Suriye Çerkeslerini Esad hanedanının kapıkulu gibi gösteren anti Çerkes zihniyete; 1980 lerde Hama şehrini bombalamayı reddettiği için 27 yaşında tutuklanan, 44 yıl hapis yatıp 8 Aralık'ta 71 yaşında özgür kalan Çerkes pilot Ragheed Ahmet, Hama halkı tarafından altın cesaret kılıcı ile ödüllendirildi. Hama halkının ona olan coşkusuna X hesaplarından canlı bakınız. https://x.com/clashreport/status/1872633336277176797
İşte size kanıyla canıyla bir halk kahramanı, bunları neden görmüyorsunuz?

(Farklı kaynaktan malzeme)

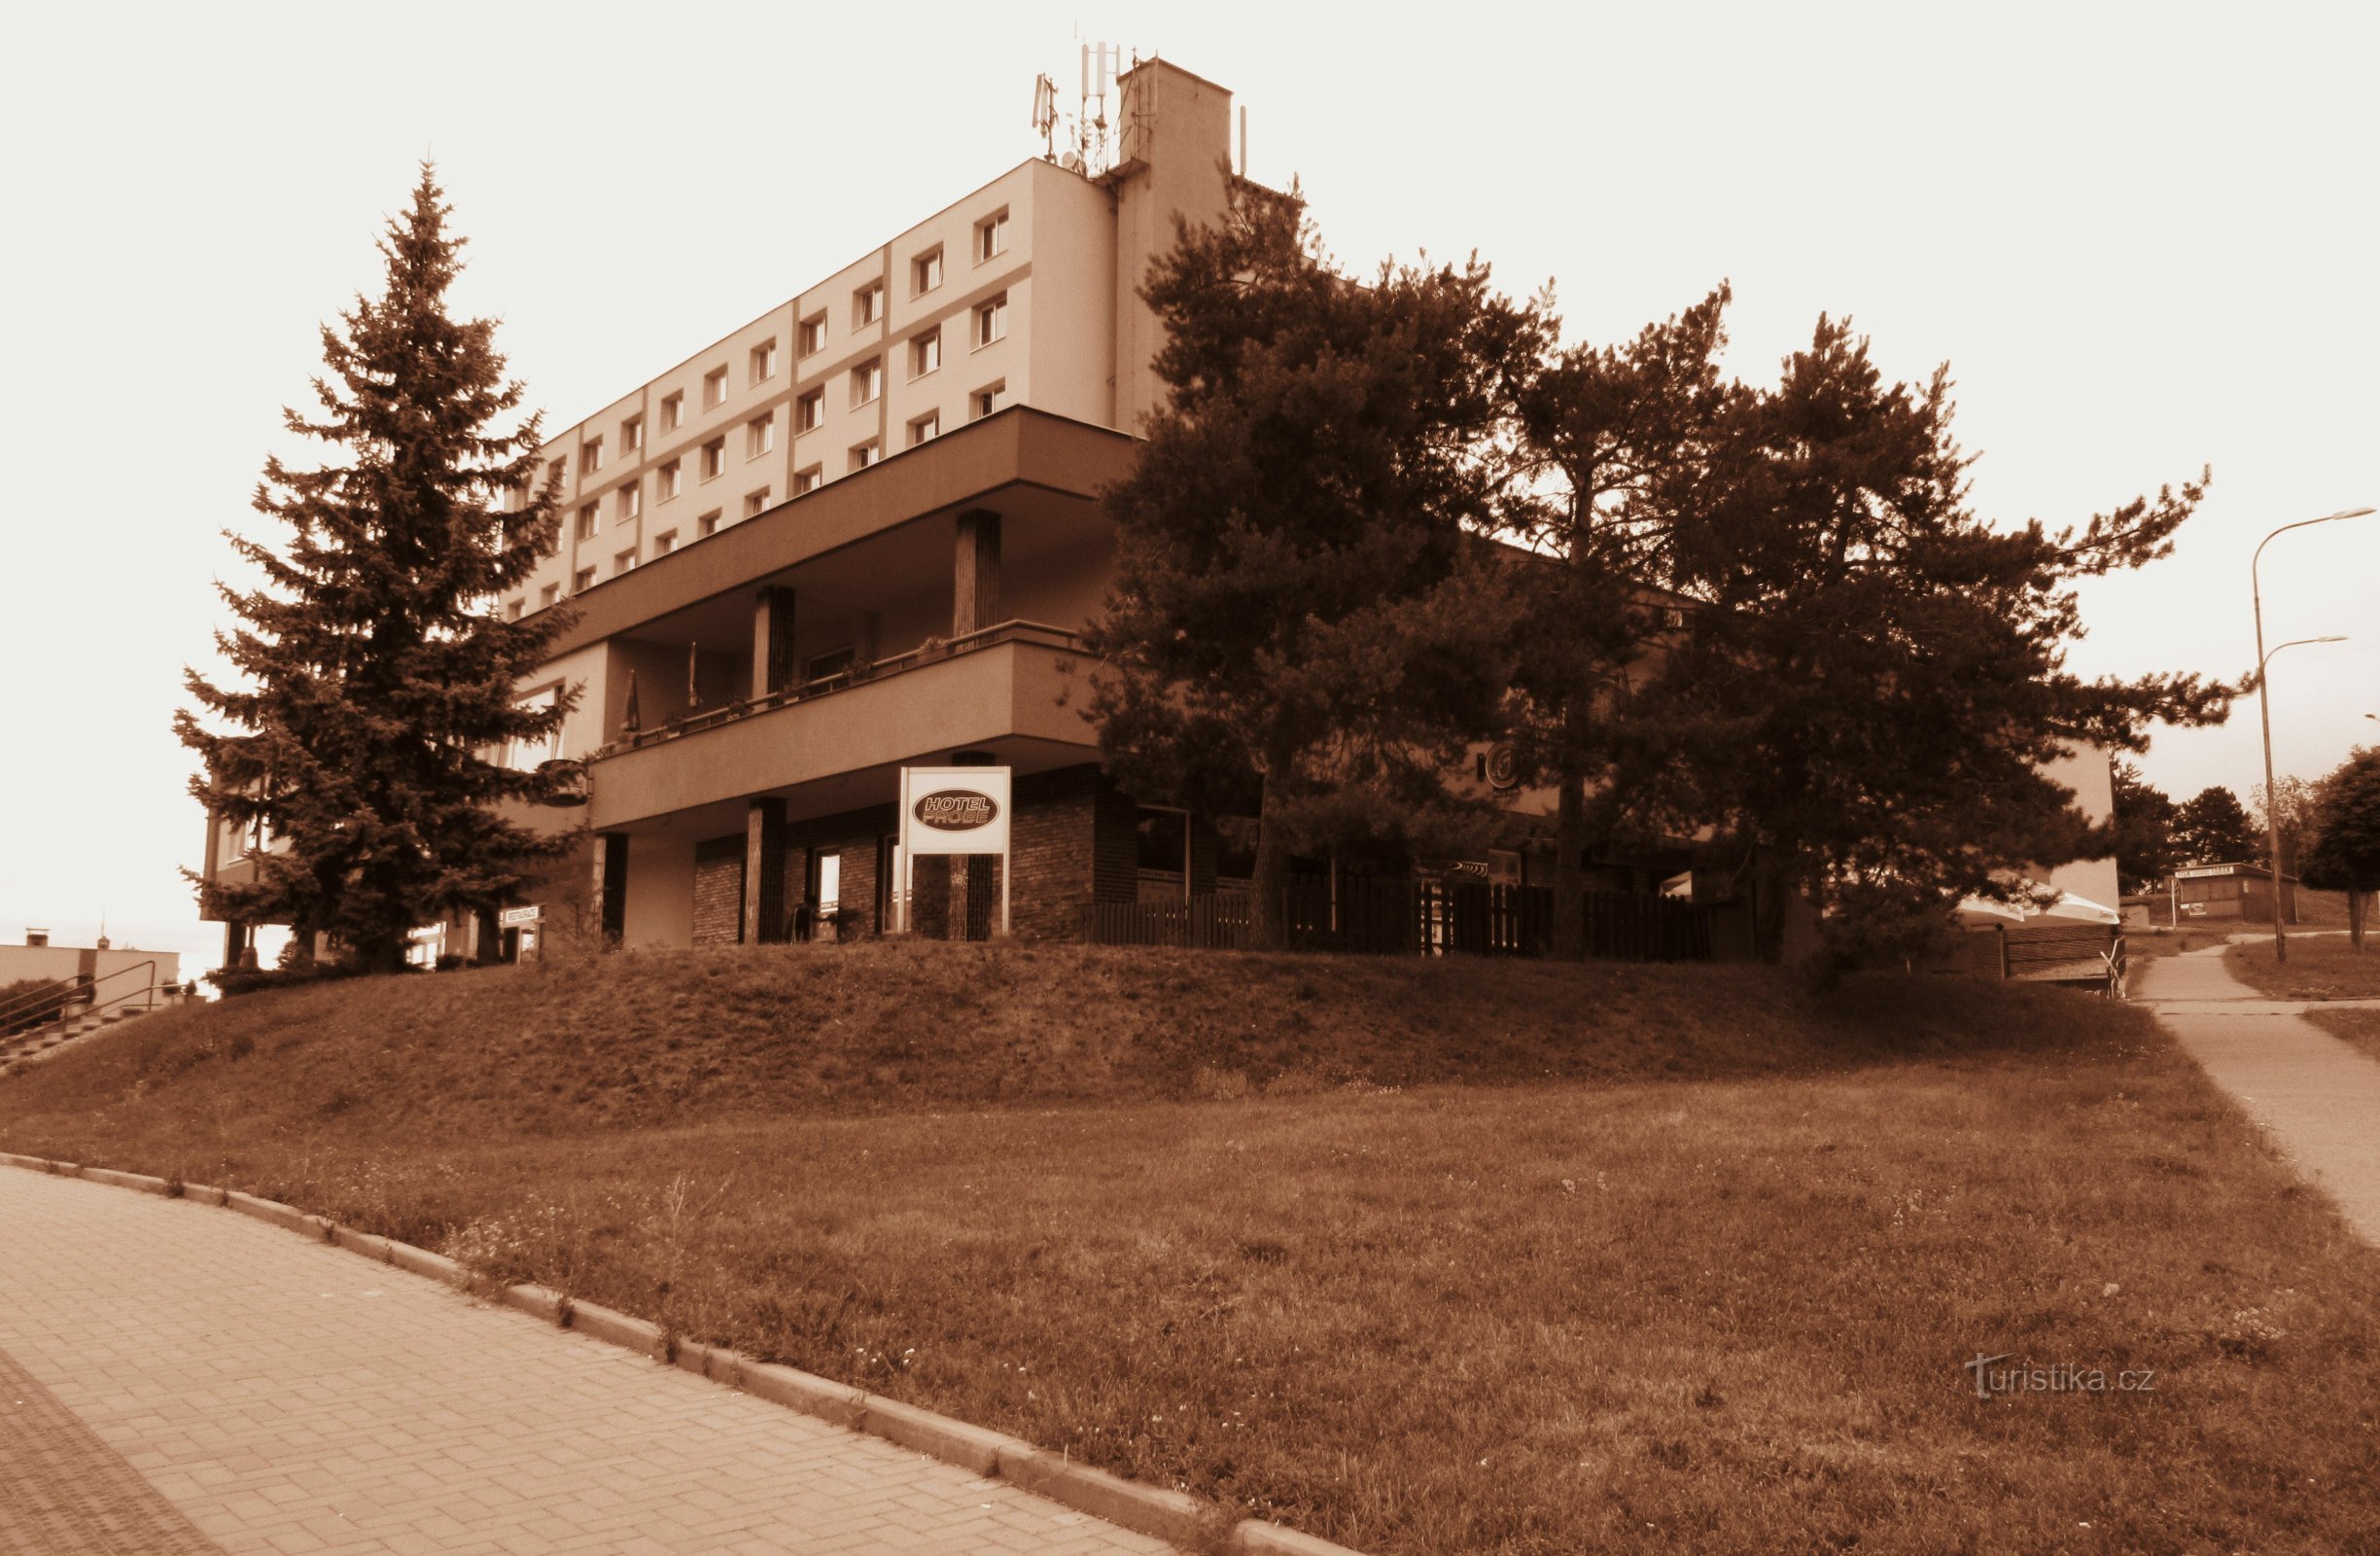 Hotel Sonde in Blansko

Yapmayın yahu ayıptır, günahtır. 13 senedir kirli bir iç savaşın içinde, güvenlik kaygılarıyla yaşayan insanlara böyle toptancı etiketler yapıştırmayın.
Ha unutmadan, tam da bay Hauti'nin saçmaladığı zamanlarda Suriye Çerkeslerinin yeni döneme dair yol haritaları ve Şam toplantısında alınan diplomatik dili muhteşem açıklamalar yapıldı.

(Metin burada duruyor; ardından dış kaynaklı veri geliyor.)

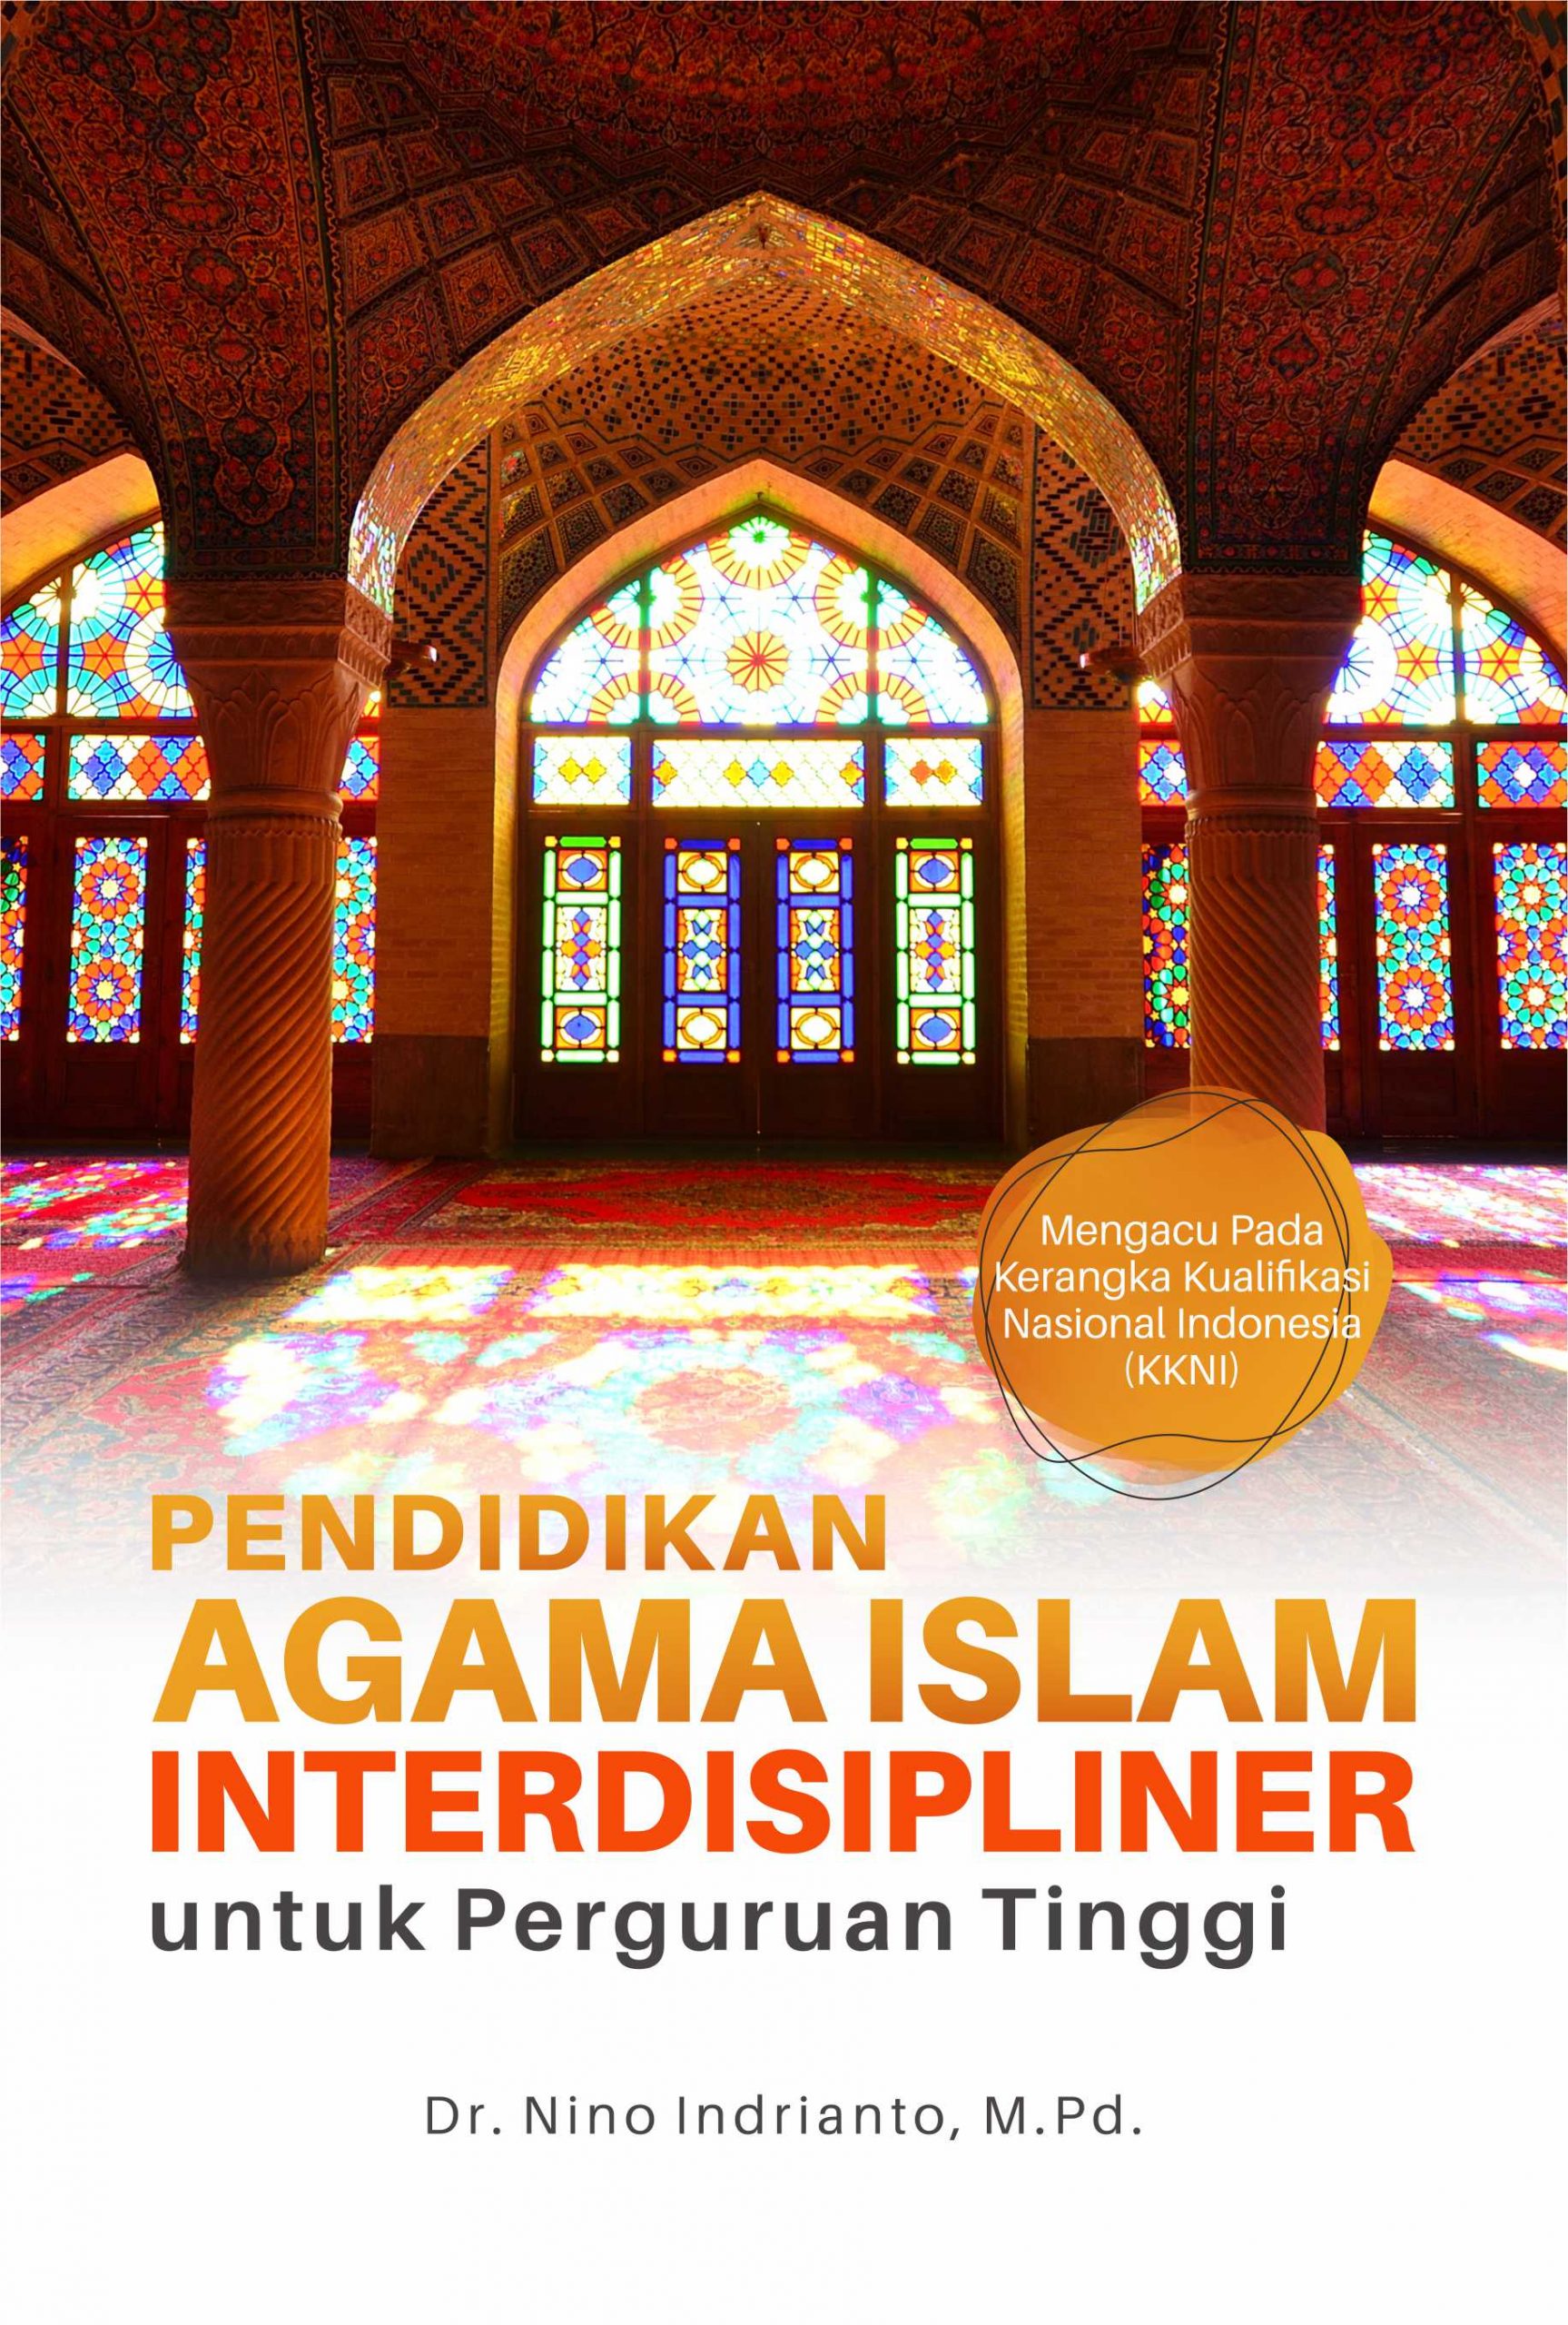 Buku Pendidikan agama islam

Kısaca, Suriye Çerkesleri hiç boş durmuyor ve yol haritası açısından imrenilecek bir motivasyona sahipler. Yayınladıkları manifestolardan ben bunu anlıyorum.
Haber linkleri aşağıda.
https://www.cherkessia.net/news_detail.php?id=7903
https://www.cherkessia.net/news_detail.php?id=7904
Evet, dünün mülteci Çerkes genci Tambi Cimuk Carnegie Hall'da Chopin Çalıyor, Şam Düşüyor.
Şam diktatörlüğü düşüyor diye Çerkesler düşüyor mu? Hayır.

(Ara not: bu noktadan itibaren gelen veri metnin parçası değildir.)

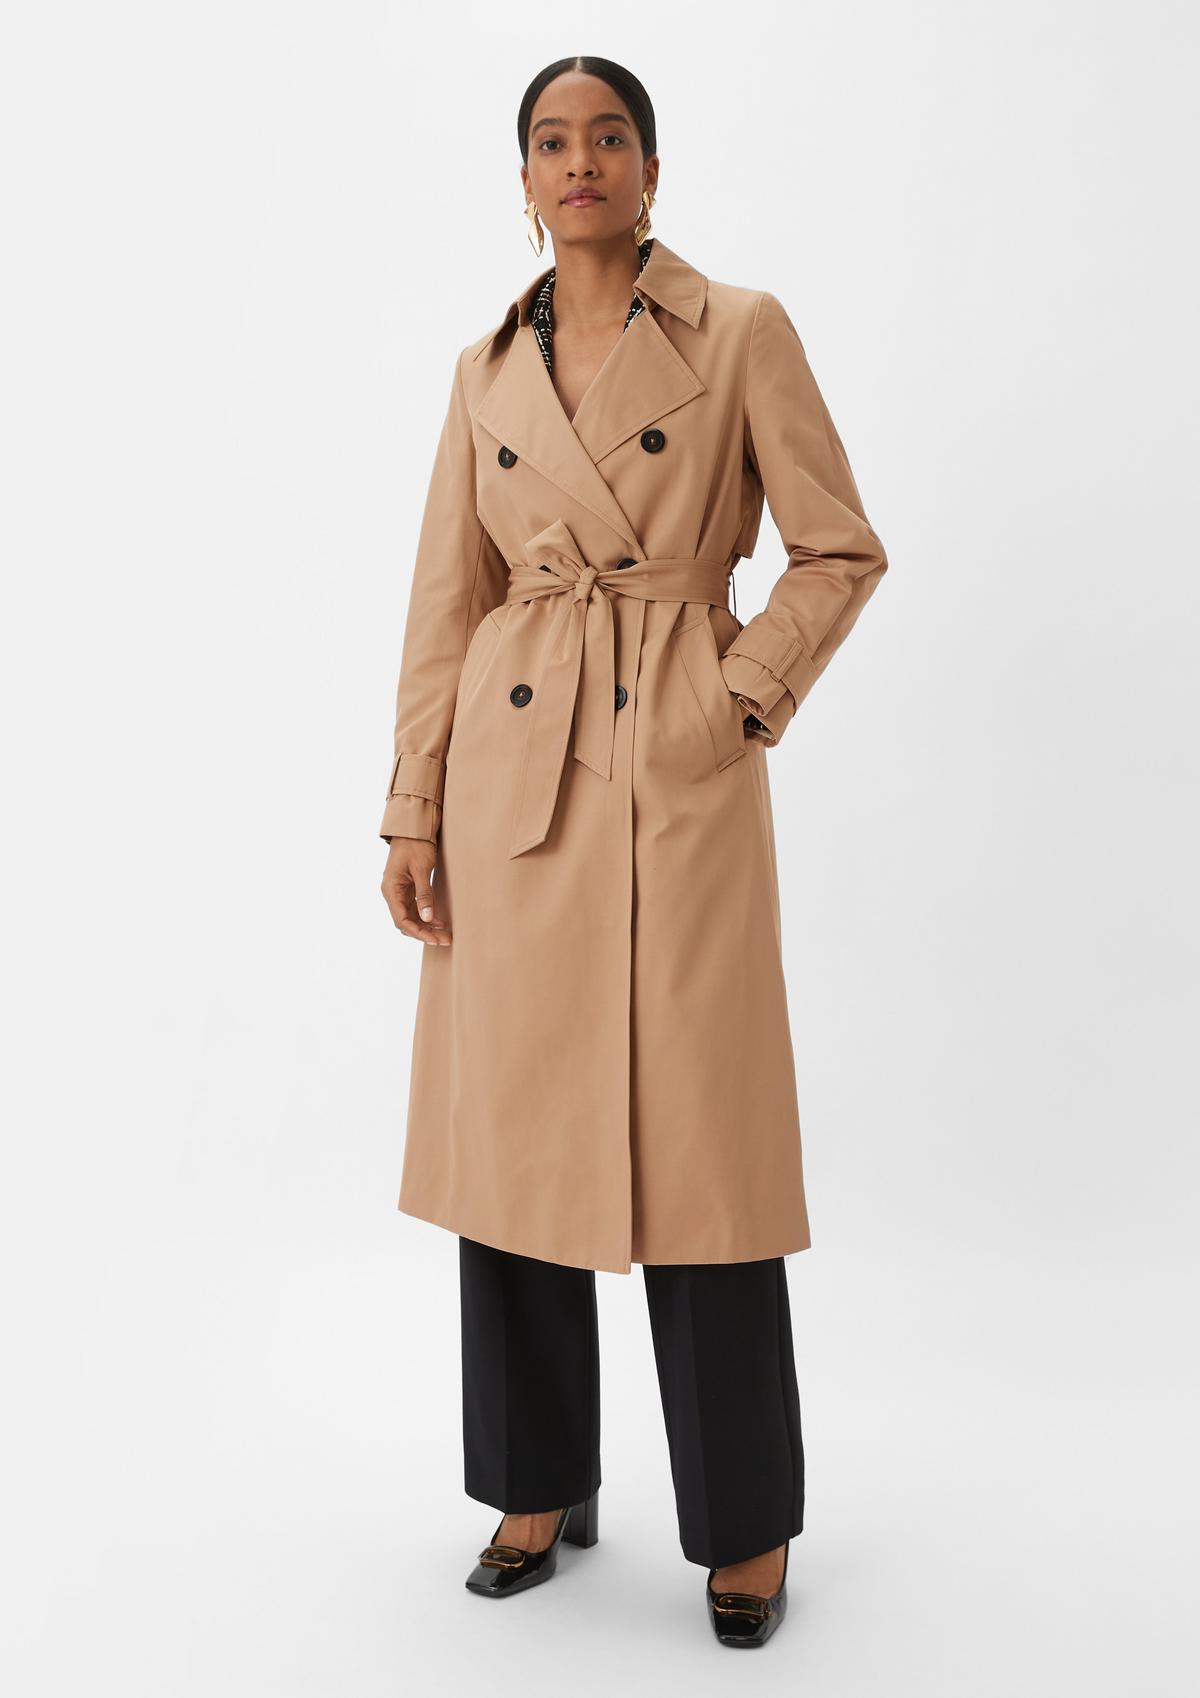 Wool coats – elegant, stylish and high-quality

Olağanüstü koşullara psikolojik sermayeleri gereği antrenmanlı olan tecrübeli Çerkesler, Suriye'nin yeni döneminde de motivasyonel duruşlarıyla yaşadıkları ülkeye güven veren toplumsal yapılardan biri olacaktır. Bundan hiç kuşkum yok!
Yeter ki ayaklarına bağ olacak açıklamalar yapılmasın, koşullar ne olursa olsun sadece desteklensinler.
Ortadoğu'da 160 yıldır hayatta kalmanın kitabını yazan Çerkesler, bu kaostan da sağ salim çıkacaktır.


Toplum kendini baştan aşağı yenilemeli. Toplum olarak ya ağlamak zırlamak, ya başkalarının değirmenine su taşımak, ya da kendi kendini papağan gibi tekrarlama gafletine düşüyoruz.
Yeterince genç ve zinde dimağlı insanlarımız var, fakat örgütlü değiliz. Cimuk gibi yeteneklerin ortaya çıkartılması ve ulusumuzun, kültürümüzün, dilimizin gelişmesine, güçlenmesine katkı sağlayabilmesinin önünün açılması gerekiyor.
Her yeteneğin karşısına Gina Haboukh ya da Nurhan Fidan Kube gibi doğru ve iyi yürekli kişiler çıkmayabilir.
Nurhan hanım yazınızı okudum, mükemmel tespitler yapmışsınız kaleminize sağlık!
03 Ocak 2025 Cuma Saat 00:17Tham weğepsew Nurhan, ptxığeri dexeded!
Teşekkürler Nurhan yazdıkların çok doğru.